#### Given entries ####

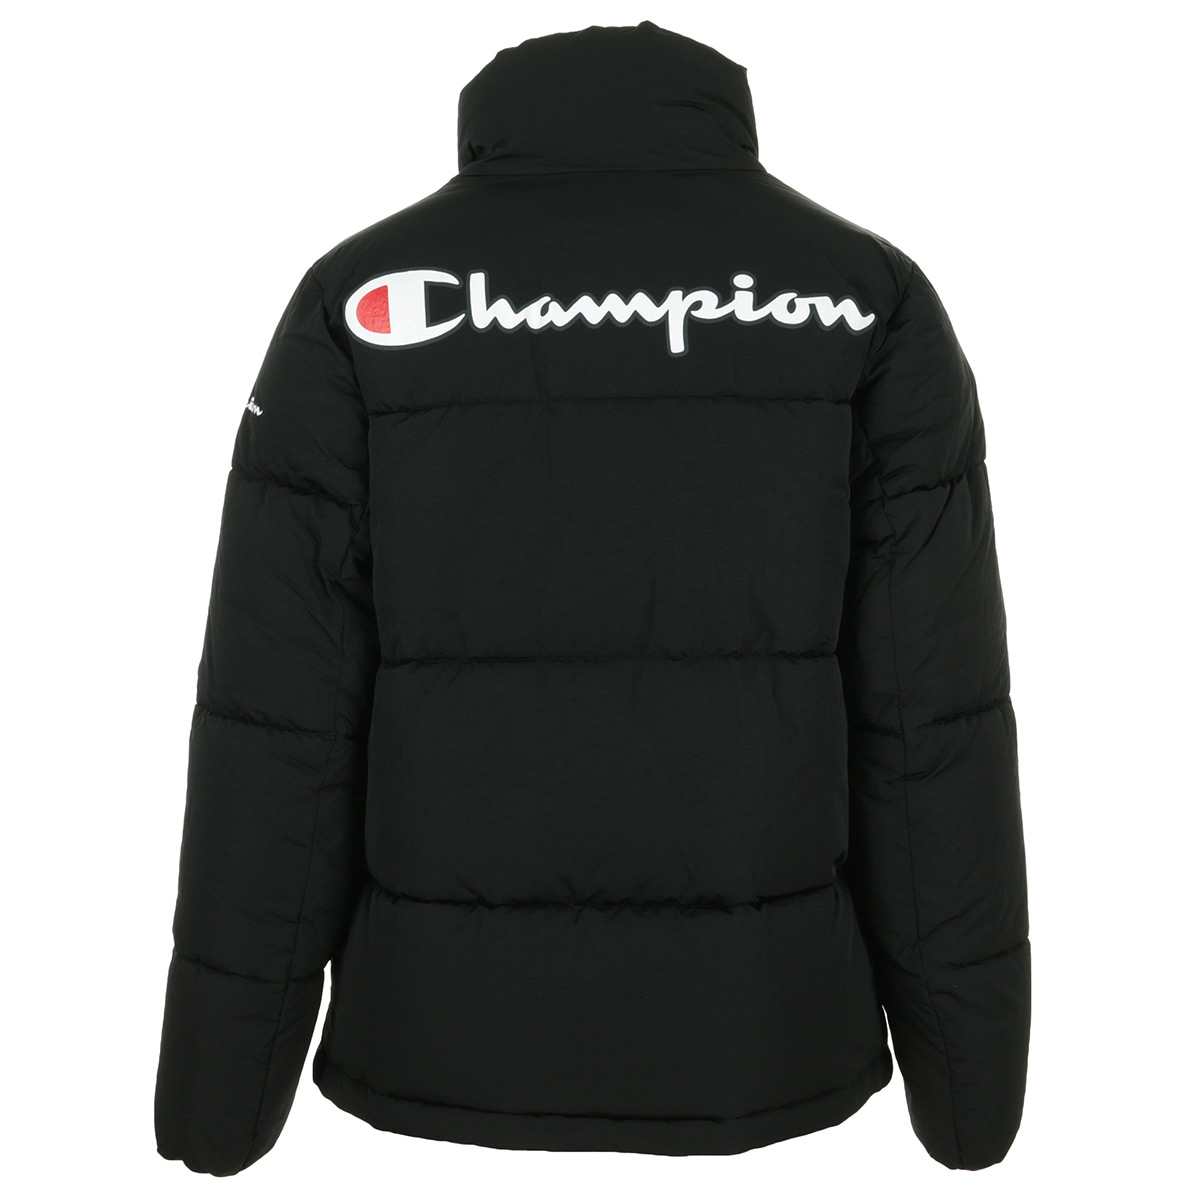 Champion Jacket
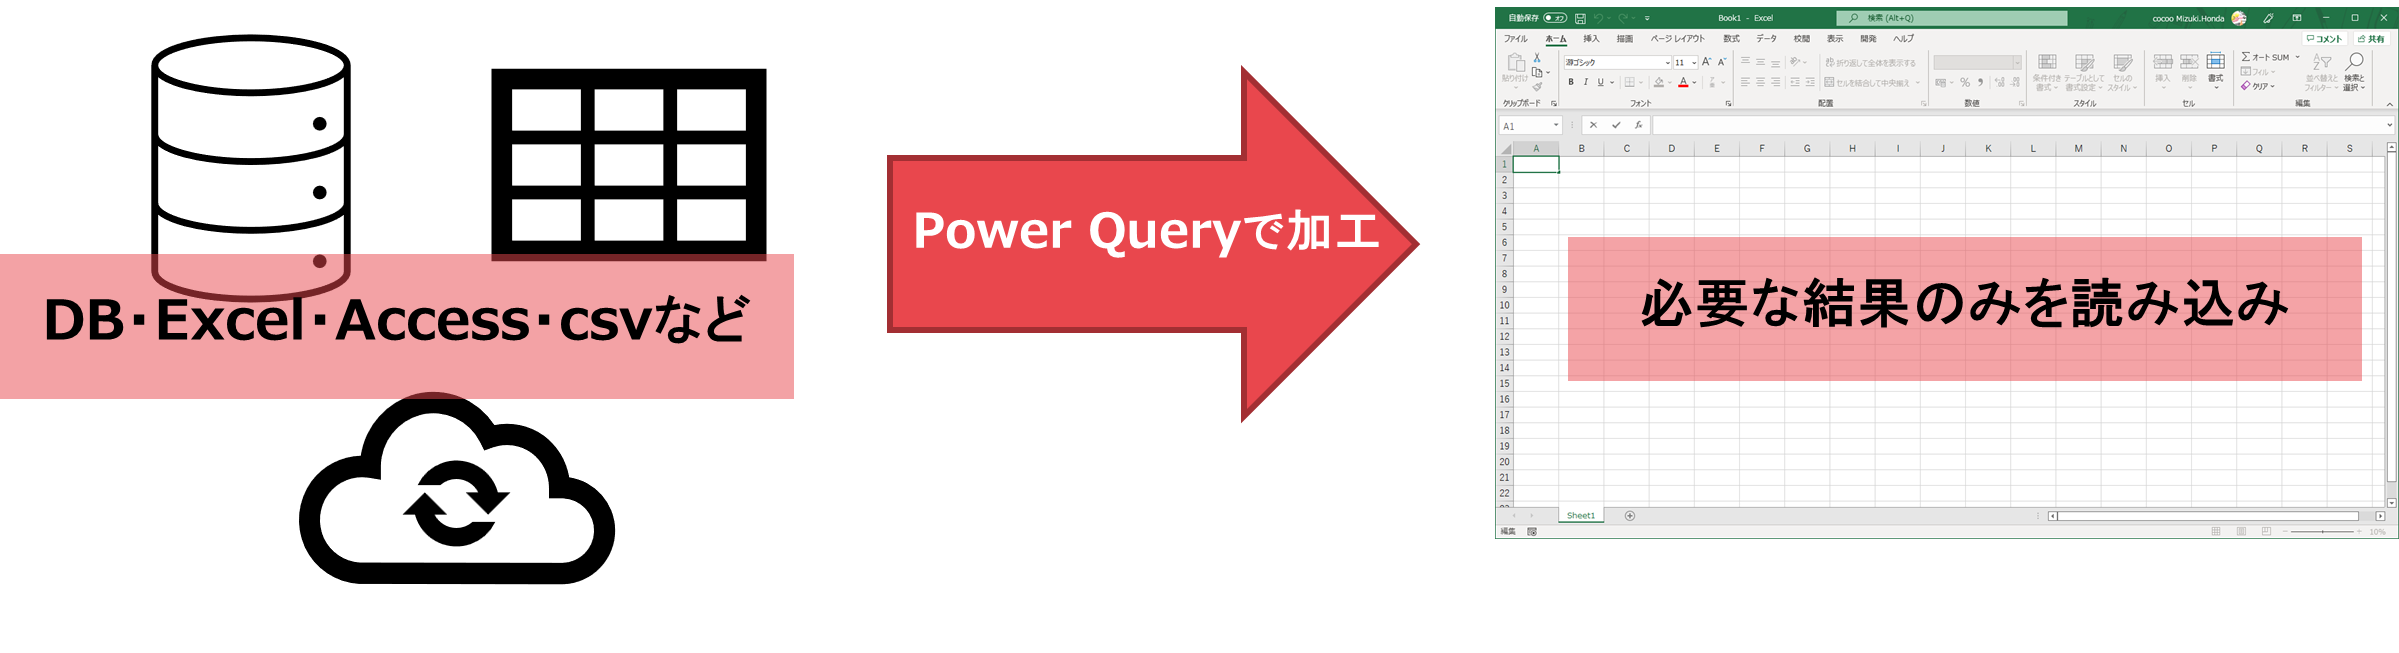 PowerQueryでのデータ作業は、PowerQueryで加工が出来ることを表した図
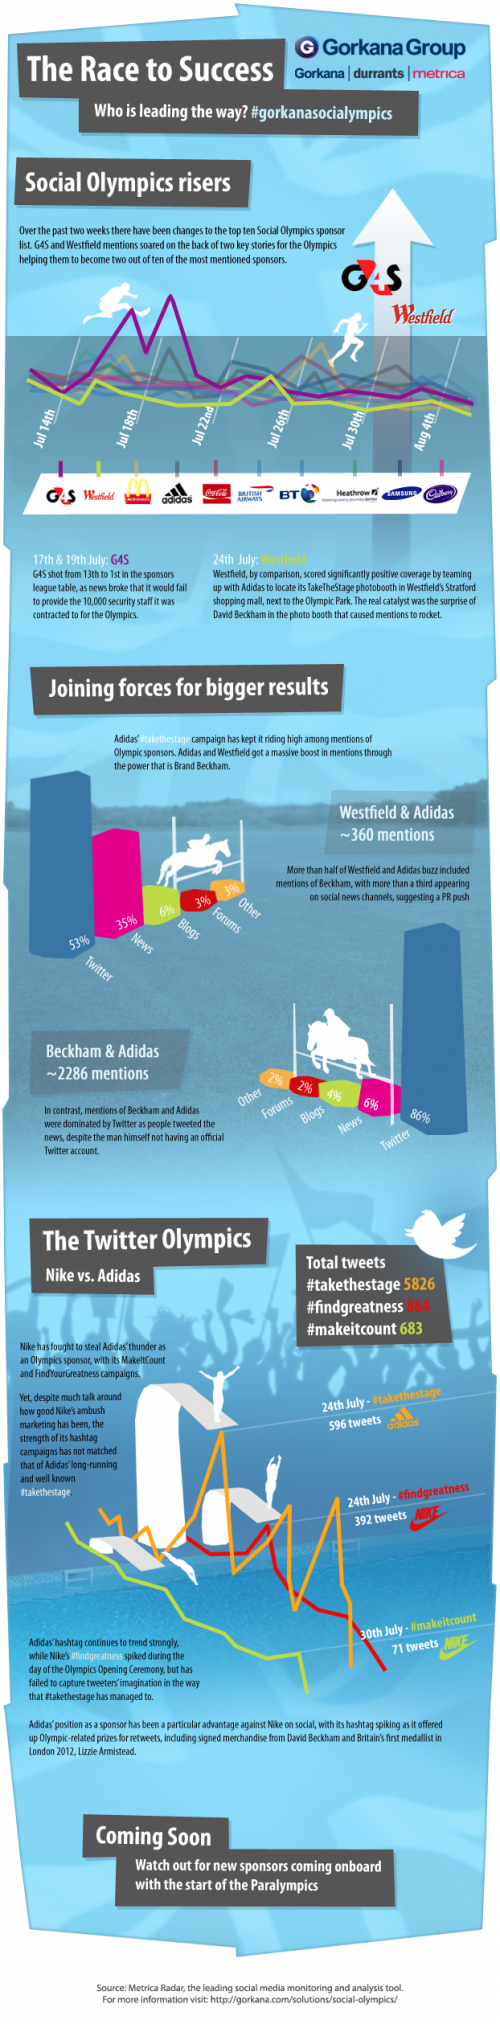 Twitter Olympiade
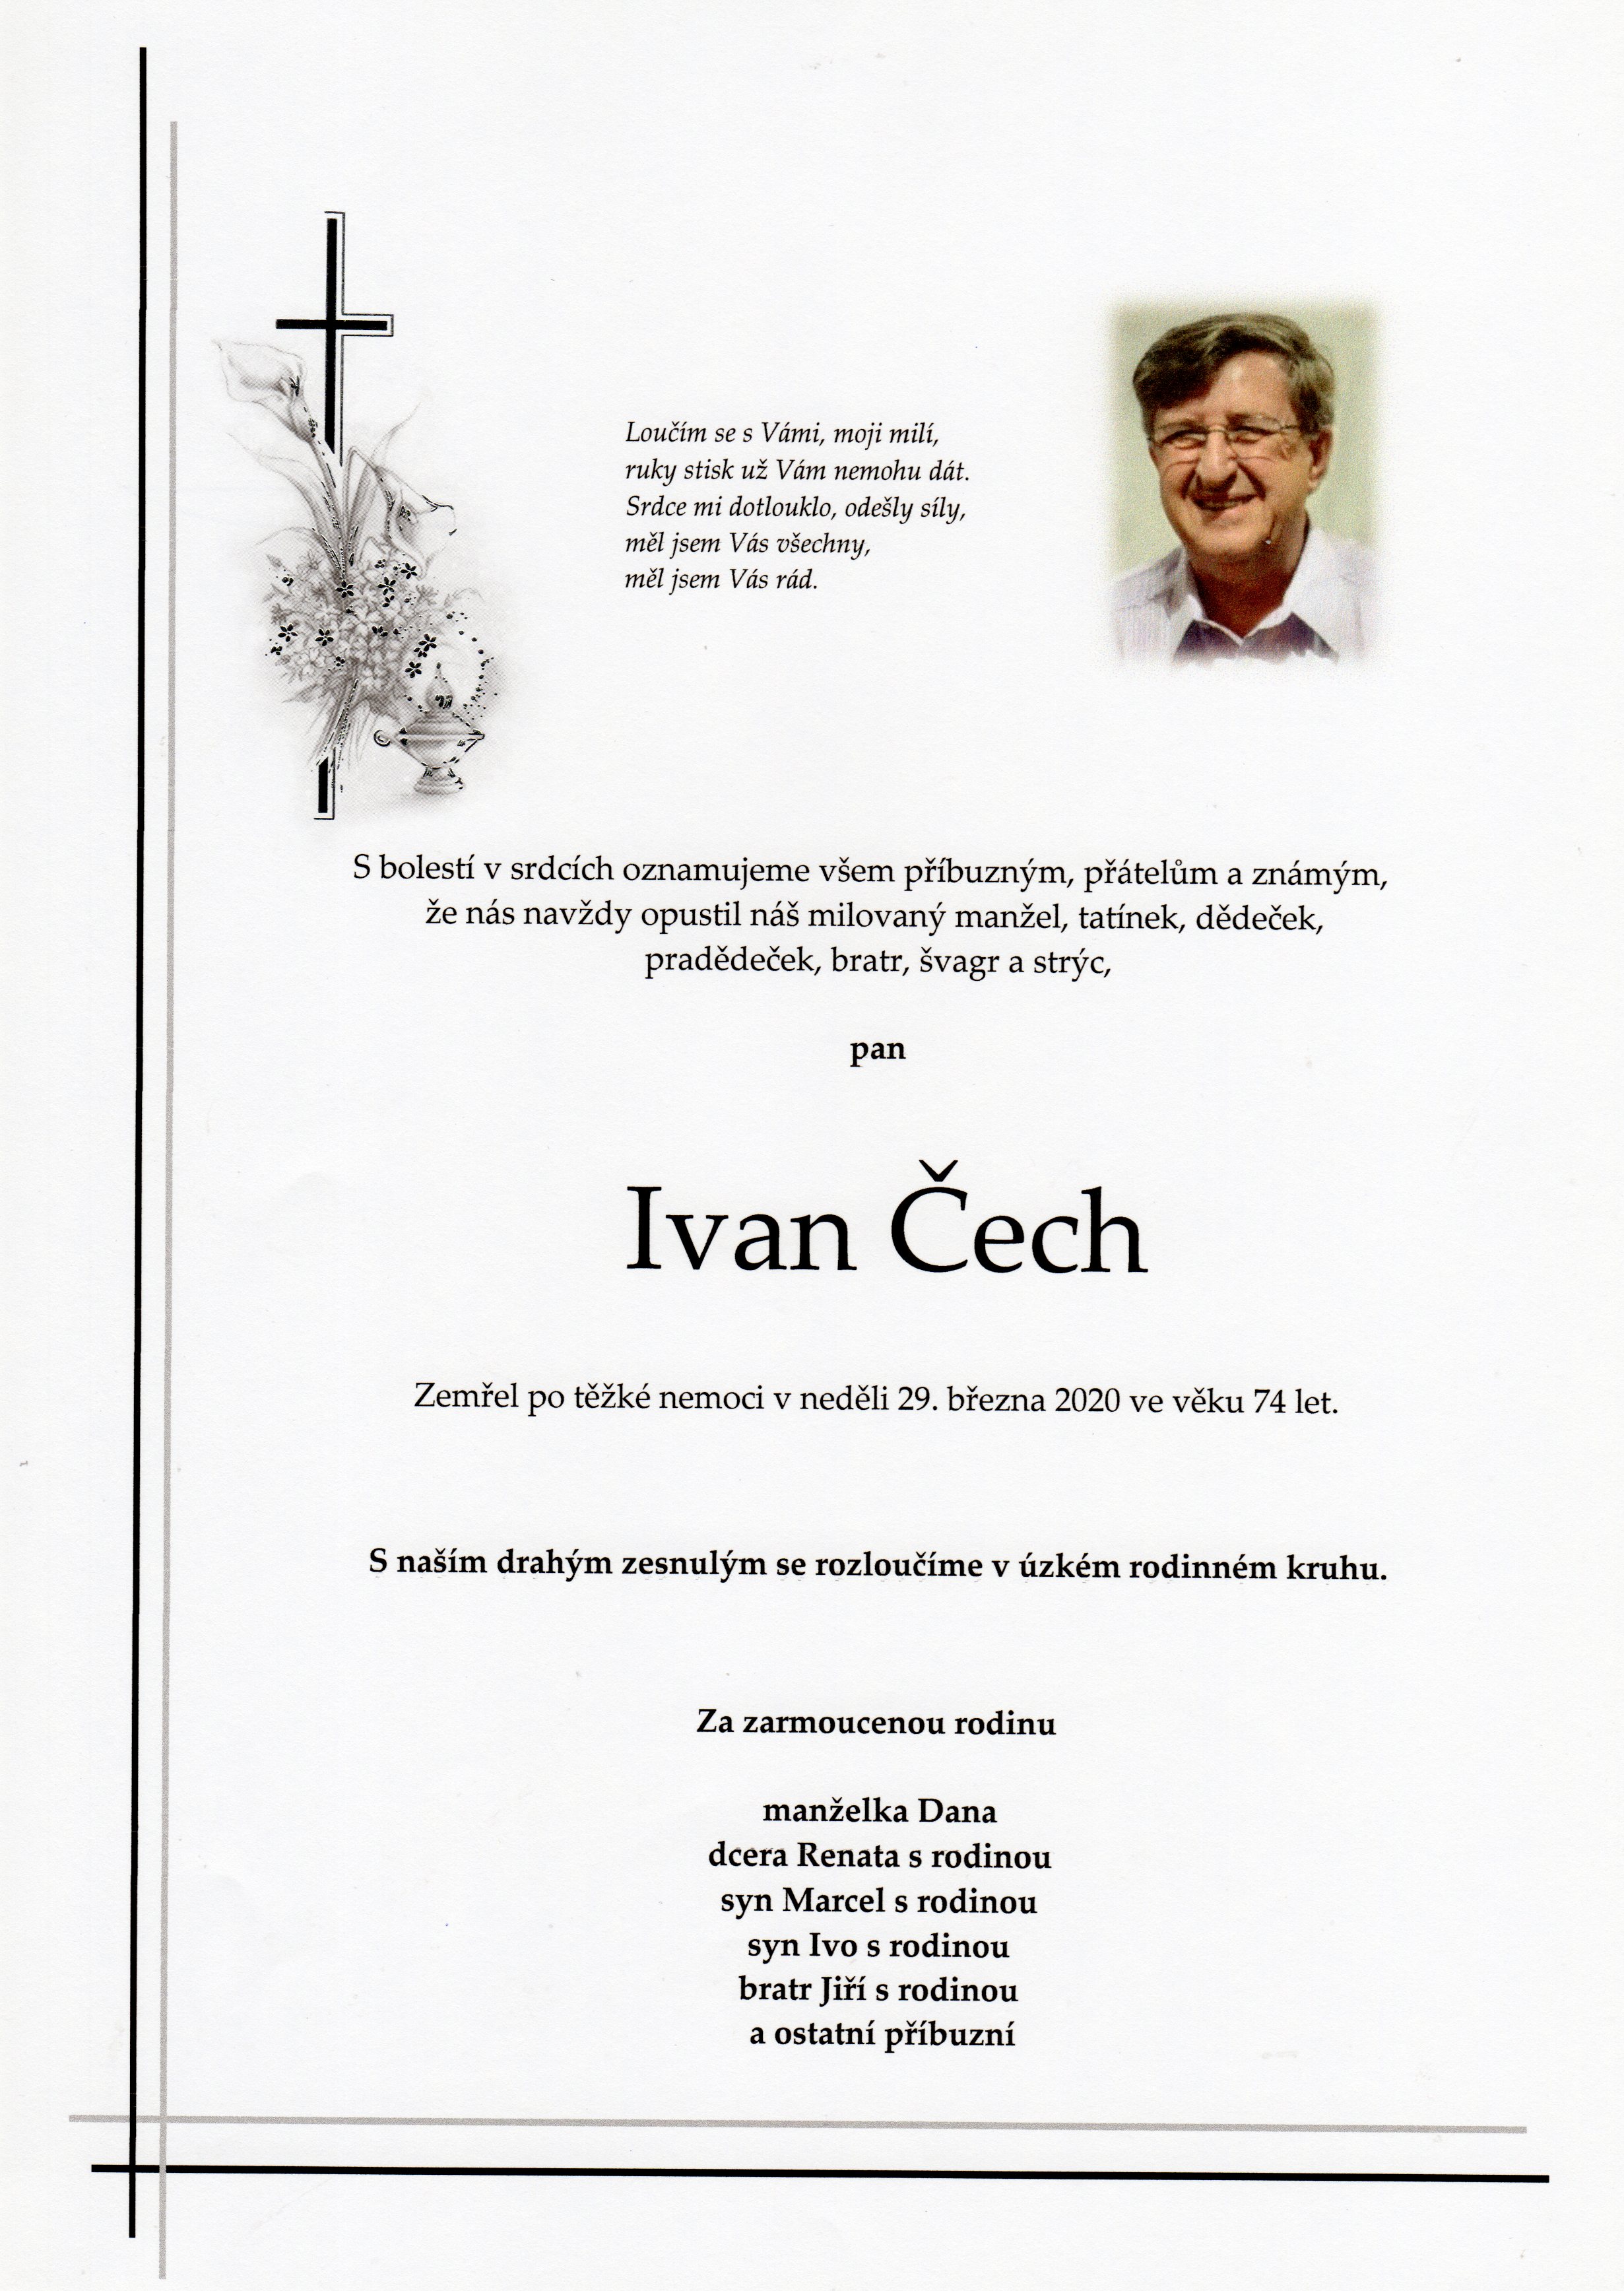 Ivan Čech
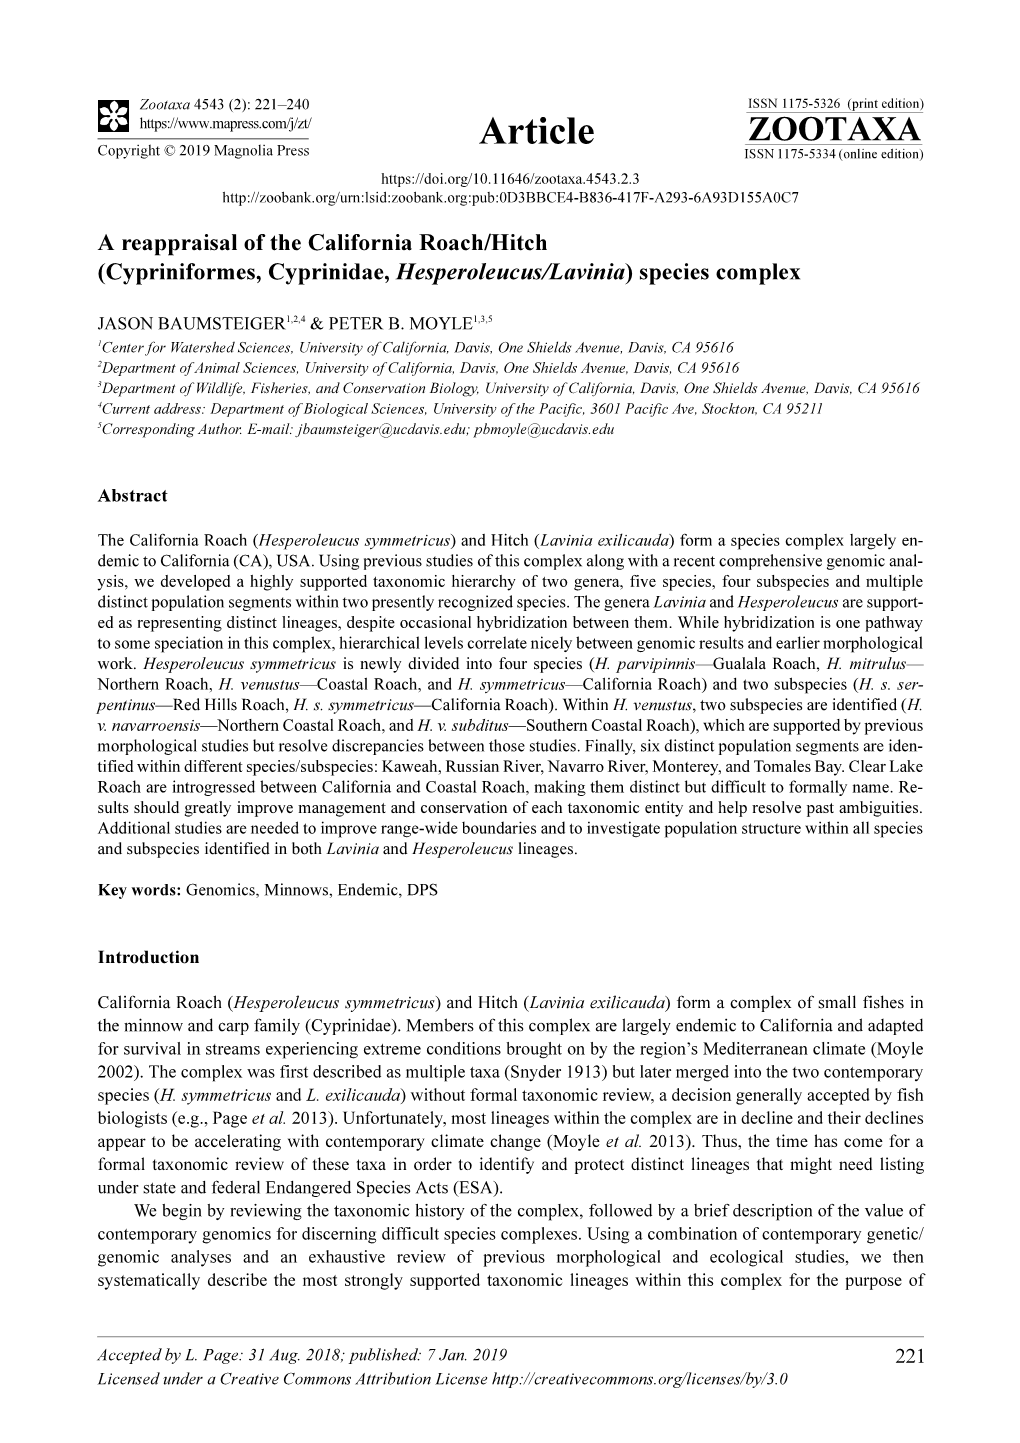 A Reappraisal of the California Roach/Hitch (Cypriniformes, Cyprinidae, Hesperoleucus/Lavinia) Species Complex

####

An answer containing only the lines from the one holding "Twitter Olympiade" through the close of the entries above, reproduced exactly and stripped of pictures, is expected.

* Completed task *
 Twitter Olympiade
 Ivan Čech
 A Reappraisal of the California Roach/Hitch (Cypriniformes, Cyprinidae, Hesperoleucus/Lavinia) Species Complex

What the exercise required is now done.